Zelg Galesić, były zawodnik MMA, uważa, że władze UFC robią wszystko, by jak najwięcej mistrzowskich tytułów trafiało do Amerykanów. Jedną z ofiar tego spisku ma być Jan Błachowicz.
Galesić, walczący w przeszłości na galach Cage Rage, PRIDE, DREAM i Bellator, przyznał w rozmowie z Goranem Babiciem w programie „OnWeight Show”, że ostatnie zestawienia walk w UFC nie są dziełem przypadku. Zdaniem Chorwata, włodarze federacji dążą do tego, by jak najwięcej tytułów trafiało w ręce amerykańskich zawodników.
– Myślę, że najważniejsi szefowie UFC usiedli jakiś czas temu do rozmów i stwierdzili, że muszą coś zrobić, bo jedynym zawodnikiem ze Stanów Zjednoczonych z mistrzowskim pasem był Aljamain Sterling. Stwierdzili, że potrzebują w trybie pilnym pięciu „swoich” mistrzów. UFC to amerykańska federacja, a miejscowi fighterzy napędzają popularność i pieniądze. Słyszałem głosy, że drugi mistrz z USA, Jamahal Hill, który zdobył pas wagi półciężkiej po zwycięstwie nad Gloverem Teixeirą, ma bronić go w starciu z innym Amerykaninem z pierwszej dziesiątki rankingu, Anthonym Smithem. Niezależnie od wyniku, tytuł pozostanie w rękach zawodnika ze Stanów Zjednoczonych – powiedział Galesić. Chorwat podkreślił, że jedną z ofiar spisku władz UFC będzie Jan Błachowicz, który może nie dostać w najbliższym czasie walki o mistrzowski pas.

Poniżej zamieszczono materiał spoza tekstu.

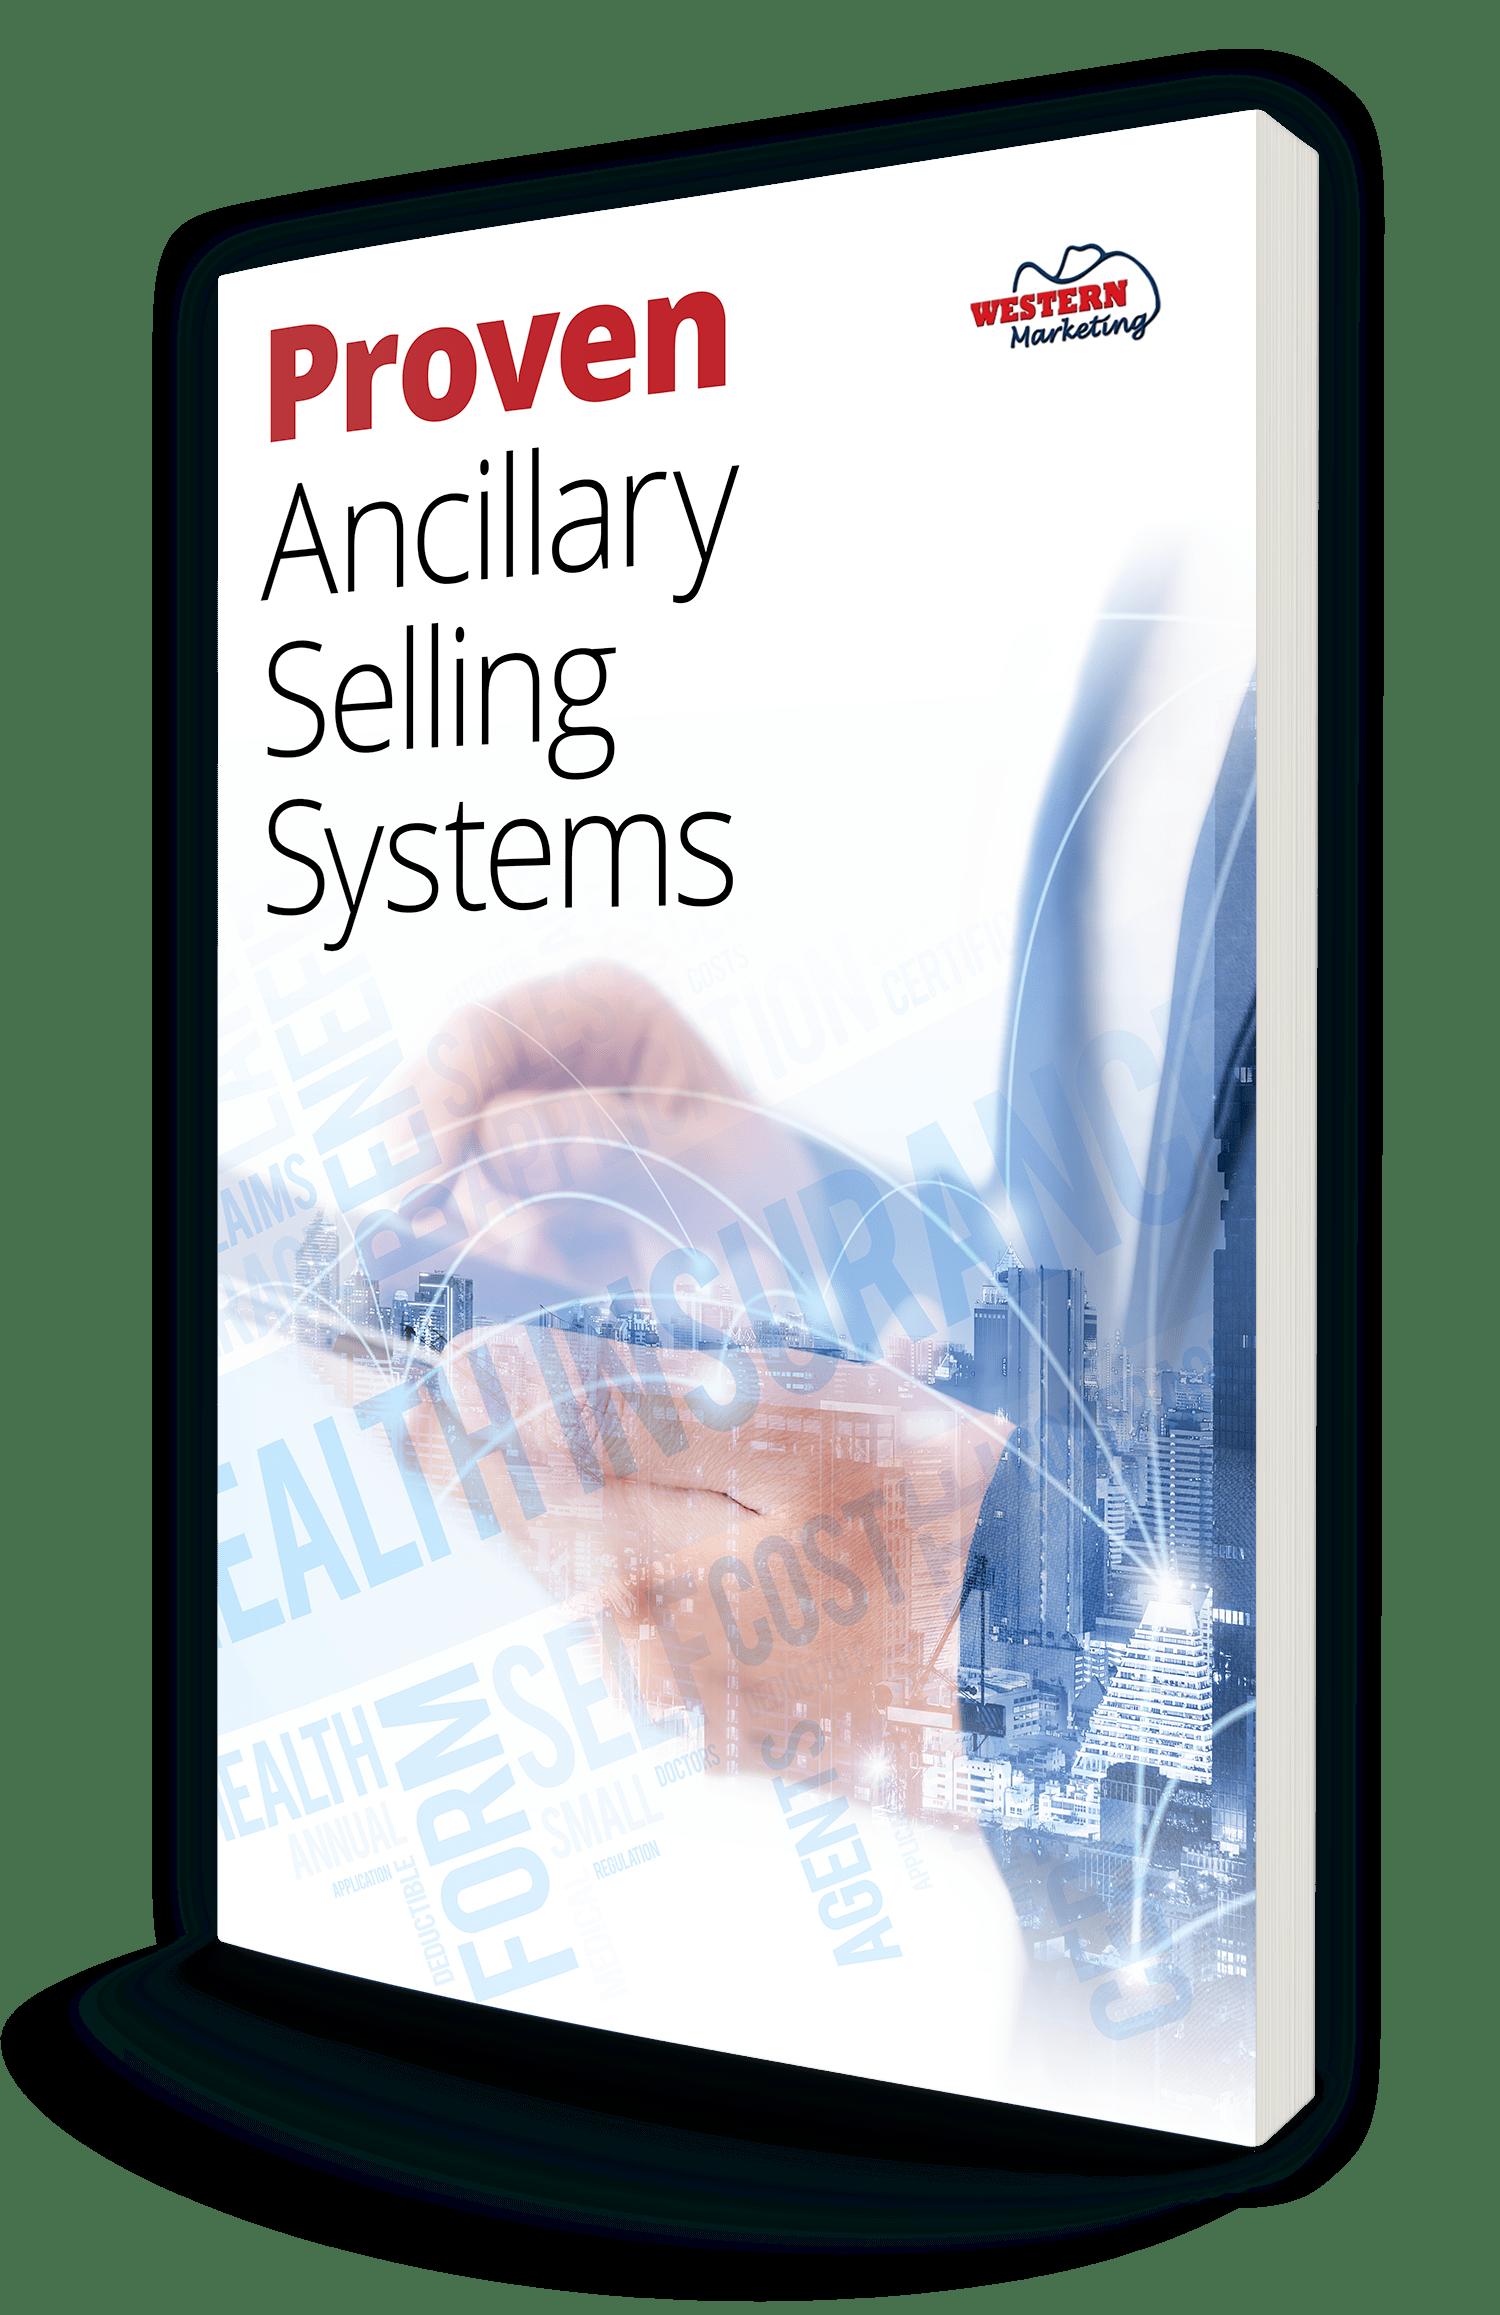 ProvenAncillarySellingSystems.png

– Zauważcie, że praktycznie dla każdego zawodnika z pierwszej dziesiątki rankingu można znaleźć doskonałą wymówkę, by nie dać mu starcia o tytuł. Jiri Prochazka ma kontuzję barku, Aleksandar Rakić nadal zmaga się z urazem kolana, a Magomied Ankalajew i Jan Błachowicz mieli już szansę i jej nie wykorzystali (ich pojedynek z gali UFC 282 zakończył się remisem – przyp. red.). Trudno coś wymyślić jedynie na Nikitę Kryłowa, ale on z kolei wygrał tylko trzy z sześciu ostatnich walk. Johnny Walker i Volkan Oezdemir są natomiast w rankingu niżej od Smitha – skomentował były zawodnik MMA. Galesić zaznaczył, że władze UFC utorowały drogę do mistrzostwa także Jonowi Jonesowi, który 4 marca zmierzy się z Cirylem Gane o wakujący pas mistrza wagi ciężkiej.
– Który „ciężki” z pierwszej piątki rankingu UFC idealnie nadawałby się na przeciwnika Jonesa? Każdy odpowie, że Gane. To jedyny zawodnik z czołówki, który ma słabą obronę przed obaleniami. Wybrali faceta, którego styl doskonale pasuje Jonesowi – skomentował „Benkei”. Zelg Galesić podkreślił jednak, że Jon Jones, nawet ciągnięty za uszy przez szefów federacji, nie ma większych szans na zawojowanie wagi ciężkiej.